A rapidly spreading measles outbreak has escalated into one of Bangladesh’s most serious child health crises in recent years, affecting tens of thousands of them and leaving hospitals overwhelmed across the country. While authorities have launched an emergency vaccination campaign and insist emergency vaccination has been started to improve the situation, public health experts continue to warn of deep systemic weaknesses behind the surge.

Since mid-March 2026, more than 20,000 suspected cases have been reported, with over 200 children confirmed or suspected to have died from measles and related complications. Most of the victims are children under five, a group considered highly vulnerable due to incomplete or missing vaccination coverage and malnutrition.

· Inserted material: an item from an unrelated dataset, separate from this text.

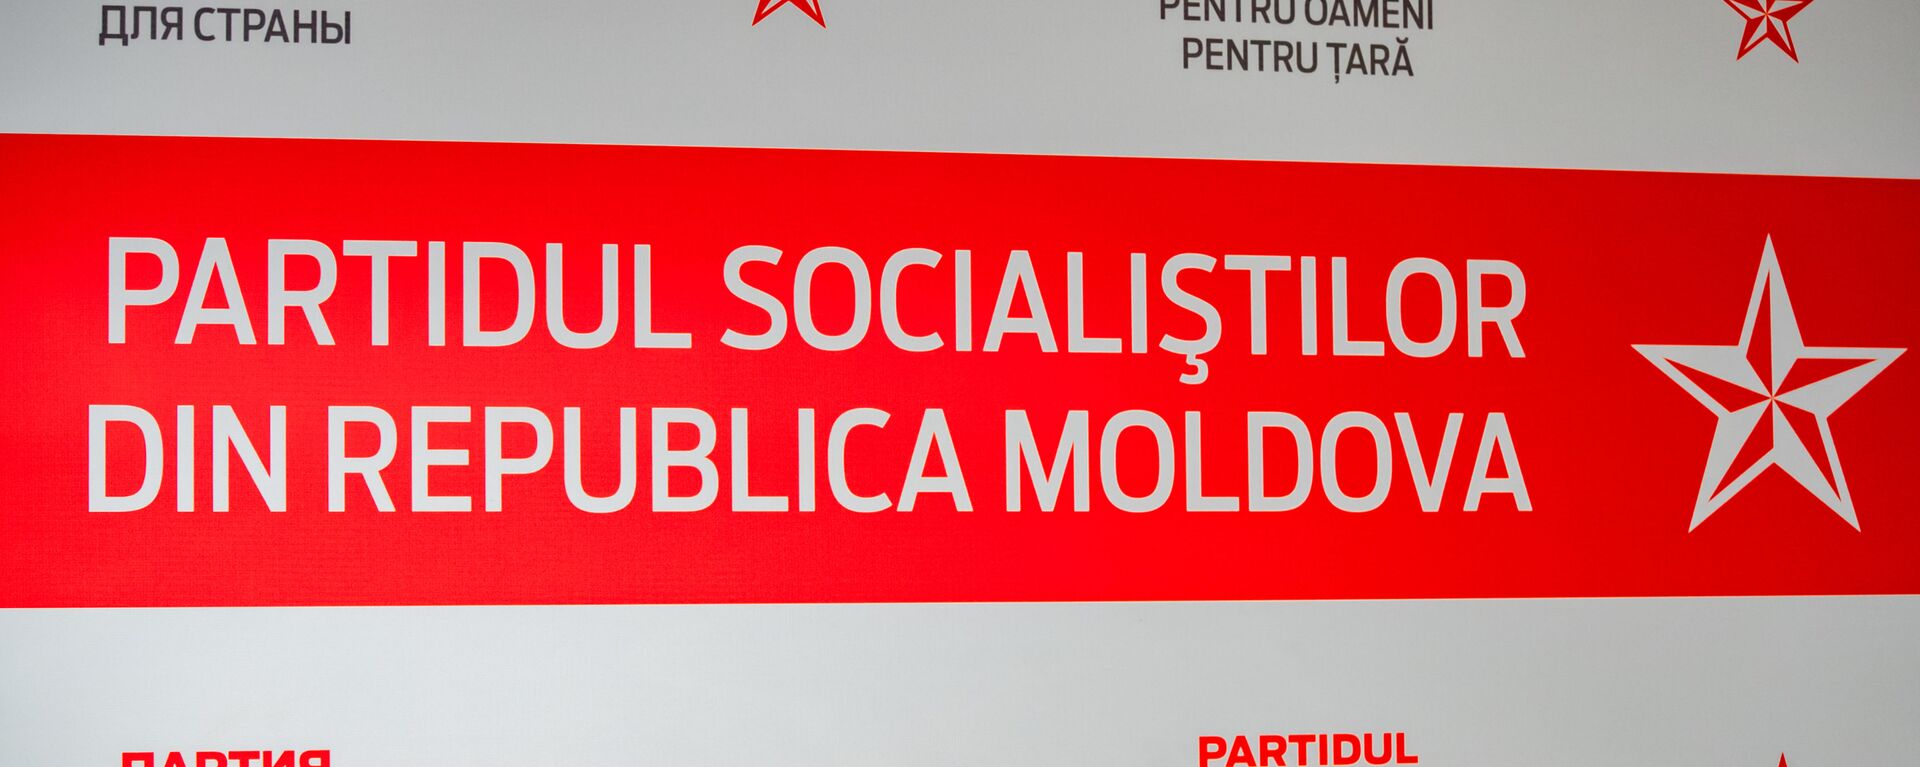 Partidul Socialiștilor din Republica Moldova - Sputnik Moldova, 1920, 27.04.2021

The outbreak has spread across nearly 58 of the country’s 64 districts, with clusters reported in both rural communities and densely populated urban areas. Hospitals in Dhaka, divisional cities, and district towns are struggling to manage the growing number of patients, many arriving in severe condition with complications such as pneumonia, dehydration, and respiratory failure.

Health Minister Sardar Md Sakhawat Husain has maintained that the outbreak has not yet reached epidemic proportions, arguing that emergency response measures are already showing progress.

Following the launch of a nationwide measles-rubella vaccination campaign, he said that around 85 percent of people in affected areas have already been brought under vaccination coverage. According to him, city corporations and local health authorities are actively supporting the drive, and targeted interventions are underway in emerging hotspots.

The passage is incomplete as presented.